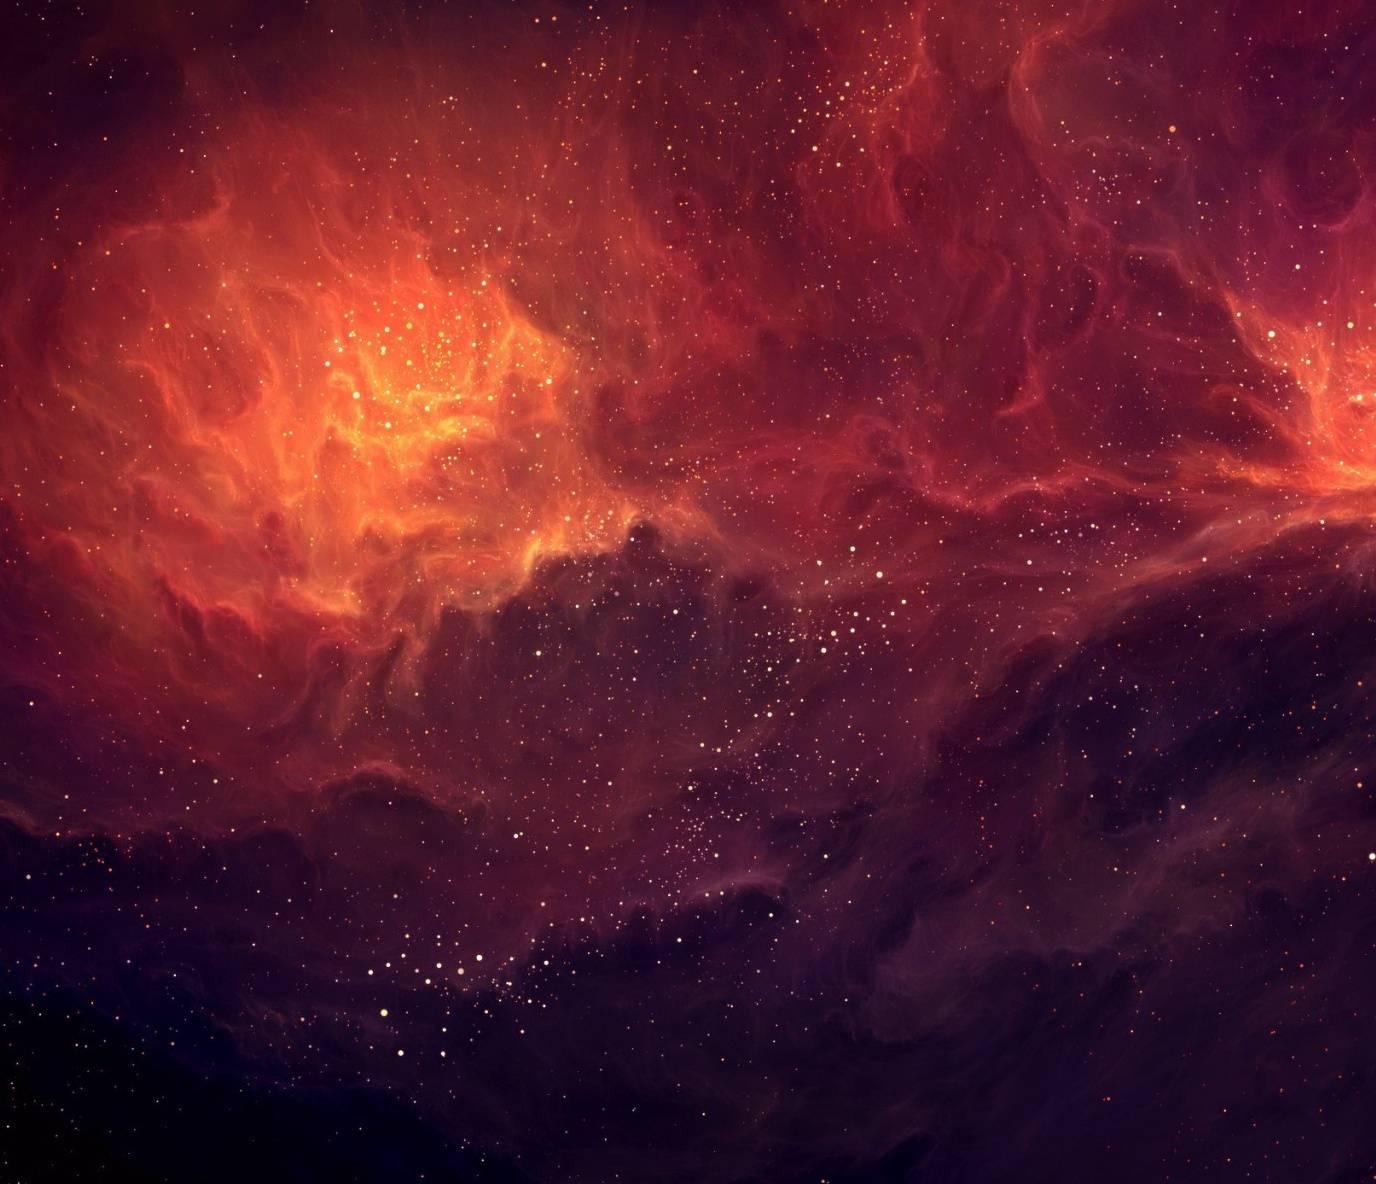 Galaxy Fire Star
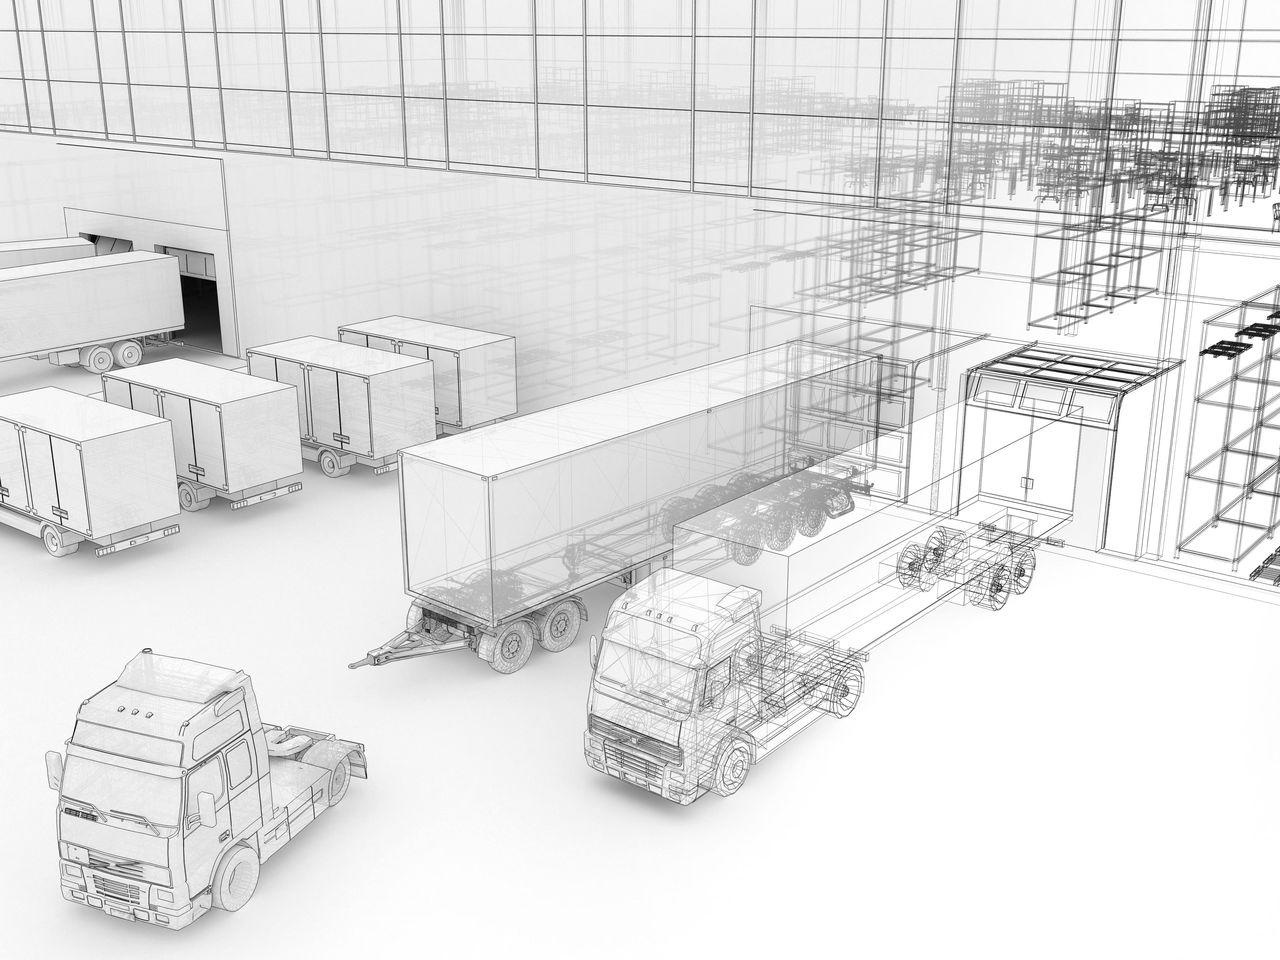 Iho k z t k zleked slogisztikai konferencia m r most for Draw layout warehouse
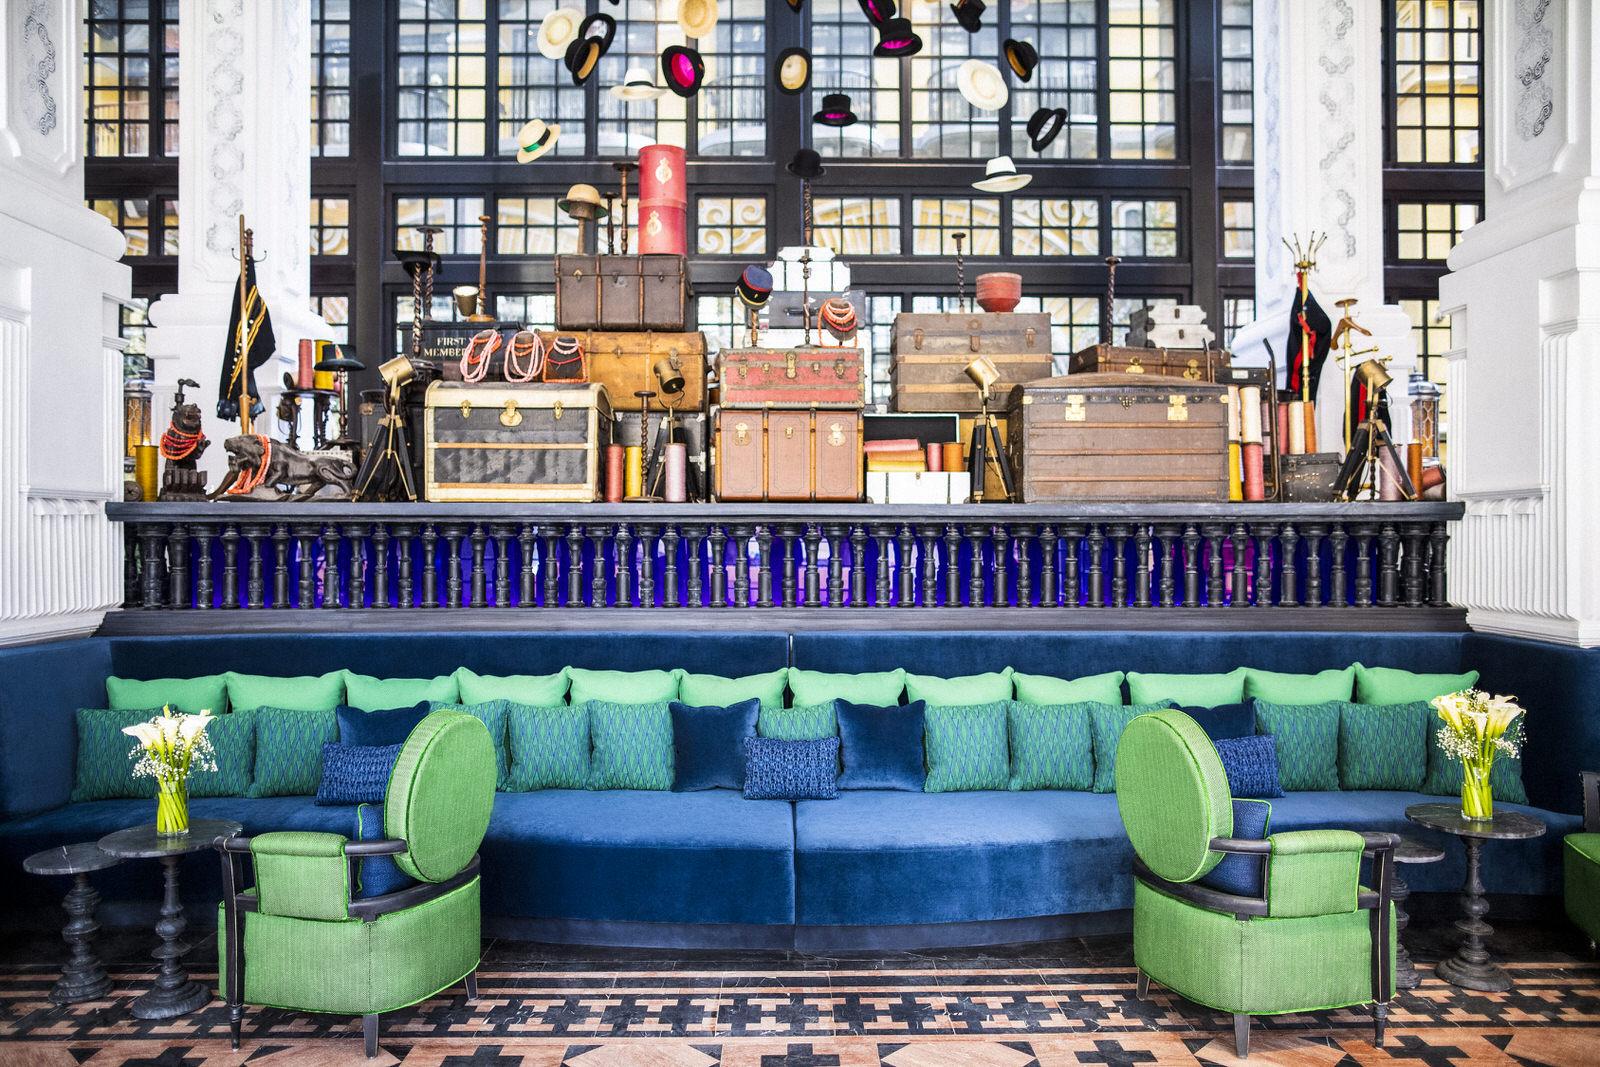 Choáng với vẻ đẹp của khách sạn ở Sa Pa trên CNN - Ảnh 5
- - - - - - -
Task objective: Print only the lines running from the one containing "Iho k z t k" to the end of the data above, exactly; include no pictures.

Solution below:
 Iho k z t k zleked slogisztikai konferencia m r most for Draw layout warehouse
 Choáng với vẻ đẹp của khách sạn ở Sa Pa trên CNN - Ảnh 5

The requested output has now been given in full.